BirB796 heeft bijvoorbeeld een lange off rate en kwantificering van de doelbetrokkenheid is alleen mogelijk door een antigenererende ophaalstap toe te passen. Dit representatieve thermische aggregatiecurve-experiment voor cellen die worden behandeld met positieve en negatieve controleverbindingen illustreert typische eiwitstabilisatiebereiken na behandeling van de cellen met de verbindingen bij verschillende temperaturen. Hier wordt aangetoond dat een typisch isothermale dosisresponsvingsvingvingsvingertexperiment representatieve reeksen eiwitstabilisatie aantoont in reactie op verschillende doses experimentele verbinding.
De toepassing van isothermale warmte-uitdagingen voor samengestelde screening om nieuwe bindmiddelen van het doeleiwit te identificeren, maakt de analyse van een groot aantal verbindingen in één concentratie in één keer mogelijk, voordat isothermale dosisresponsvingeprinting van de hits om de beoogde eiwitstabilisatie te bevestigen. Tijdens het proberen van deze procedure, is het belangrijk om te onthouden dat de exacte experimentele omstandigheden, zoals de lengte en temperatuur van de hitte uitdaging invloed hebben op de waargenomen potentie van de verbindingen. Vergeet niet dat het werken met paraformaldehyde zeer gevaarlijk kan zijn.
En voorzorgsmaatregelen, zoals het volgen van richtlijnen voor institutionele veiligheid, moeten altijd worden genomen tijdens het uitvoeren van deze procedure.
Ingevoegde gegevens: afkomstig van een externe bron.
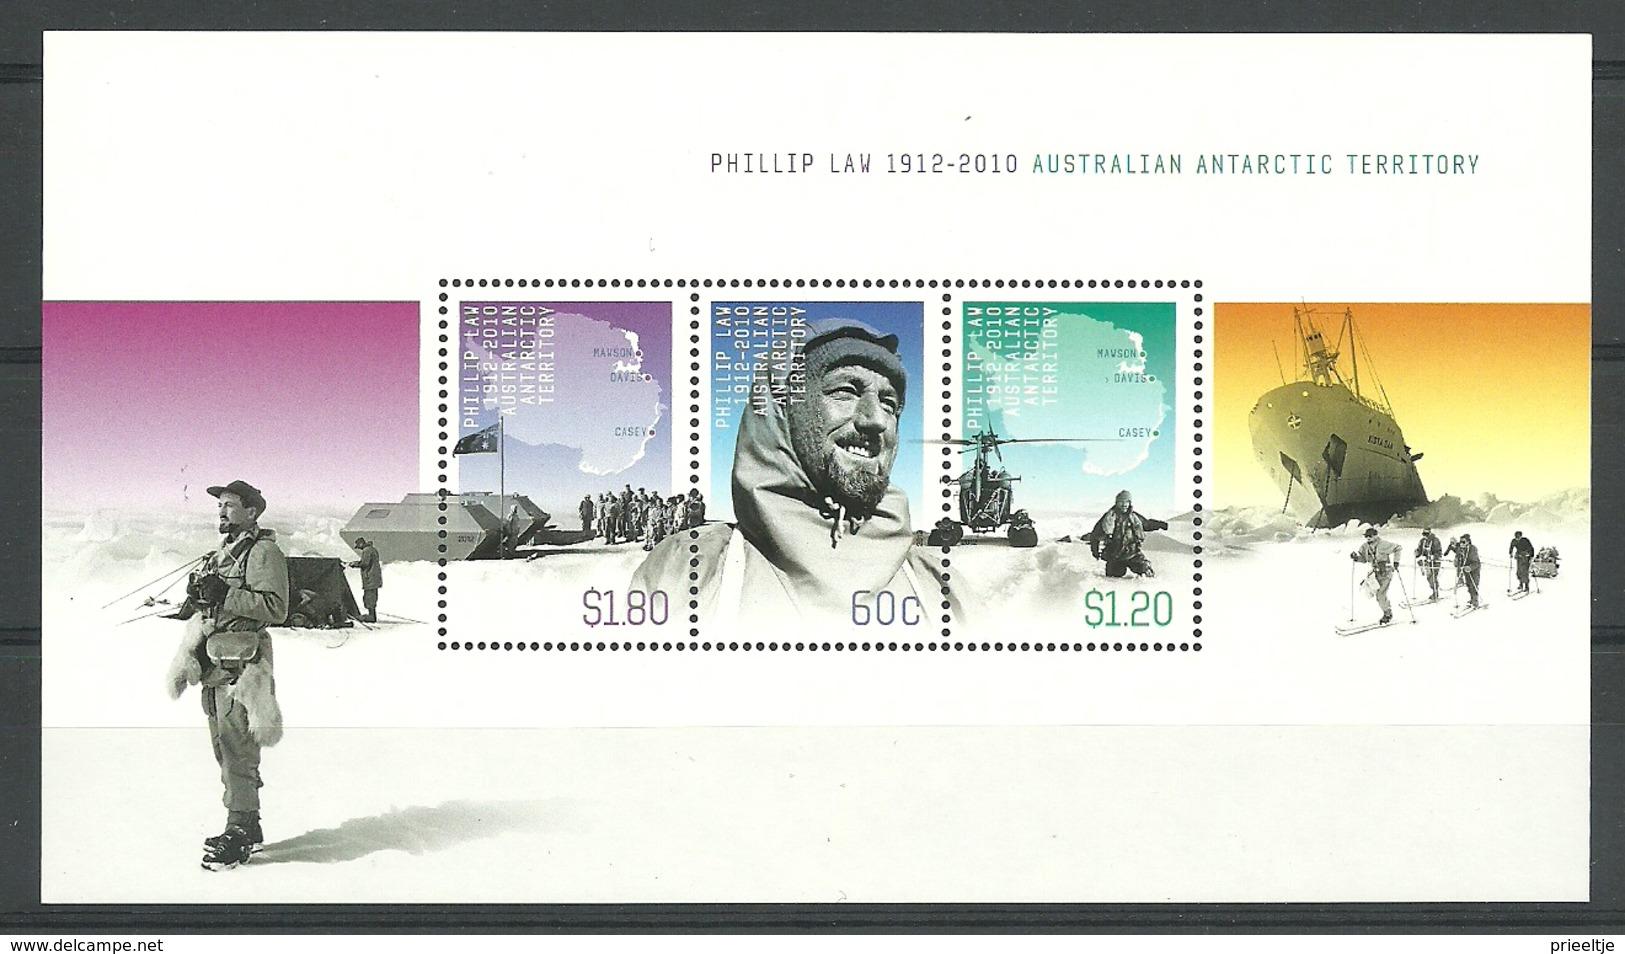 Australia AAT 2012 Phillip Law Centenary S/S Y.T. BF 10 ** - Australisches Antarktis-Territorium (AAT)
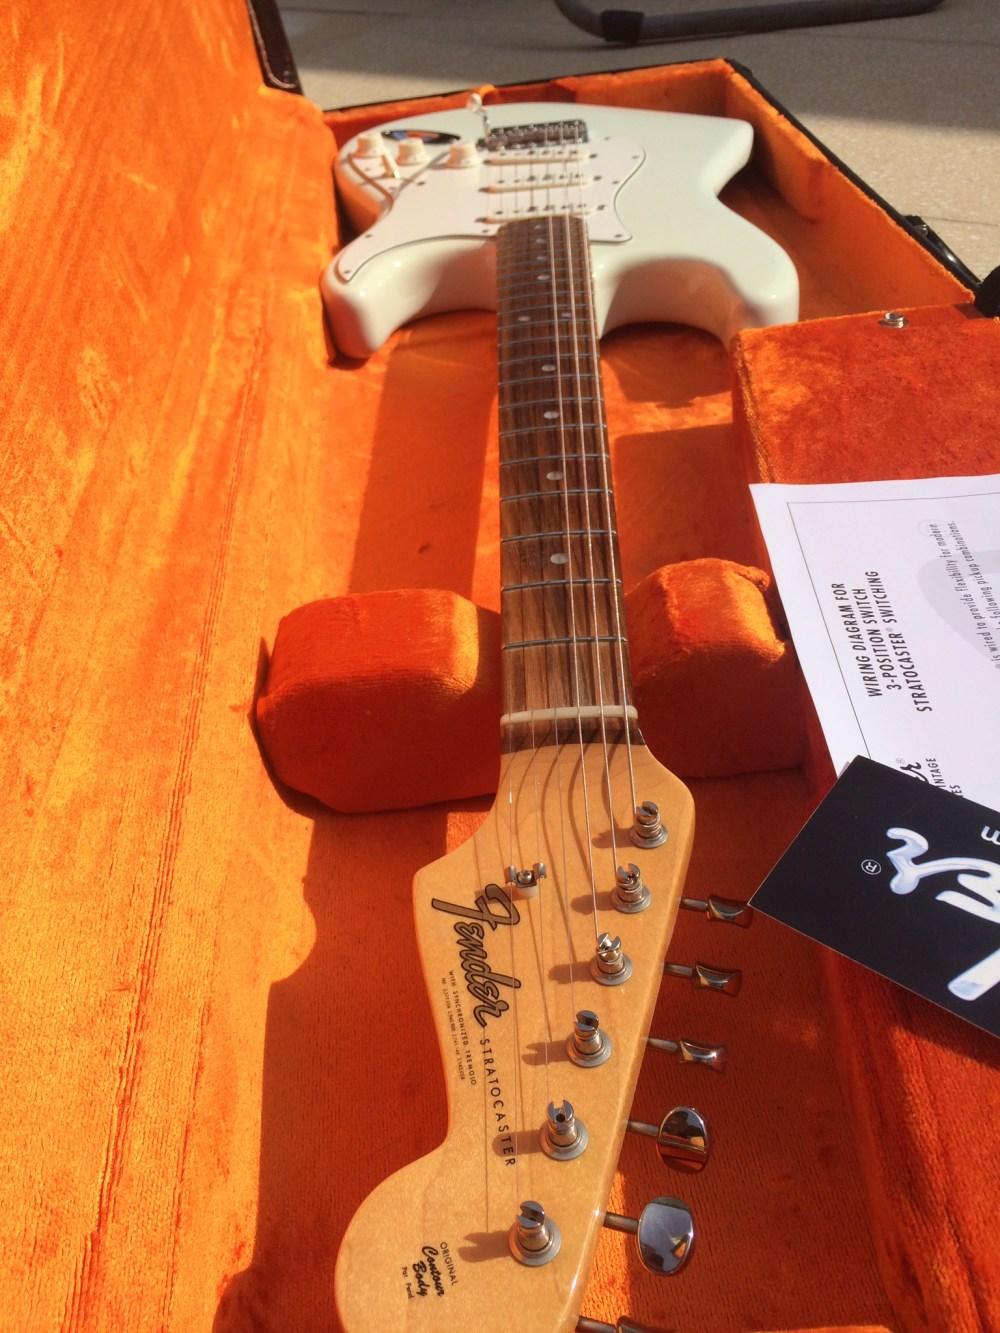 medium resolution of taylor guitar wiring neil young guitar wiring jimi hendrix guitar wiring razorback guitar

View the full transcript and gain access to thousands of scientific videos
Dit artikel beschrijft een protocol voor het meten van interactie tussen geneesmiddel en doelwit door middel van high content imaging in een microplaat-compatibele aanpassing van de cellulaire thermische verschuivingstest (CETSA). Deze methode is cruciaal voor het beantwoorden van belangrijke vragen in chemische biologie en geneesmiddelontwikkeling.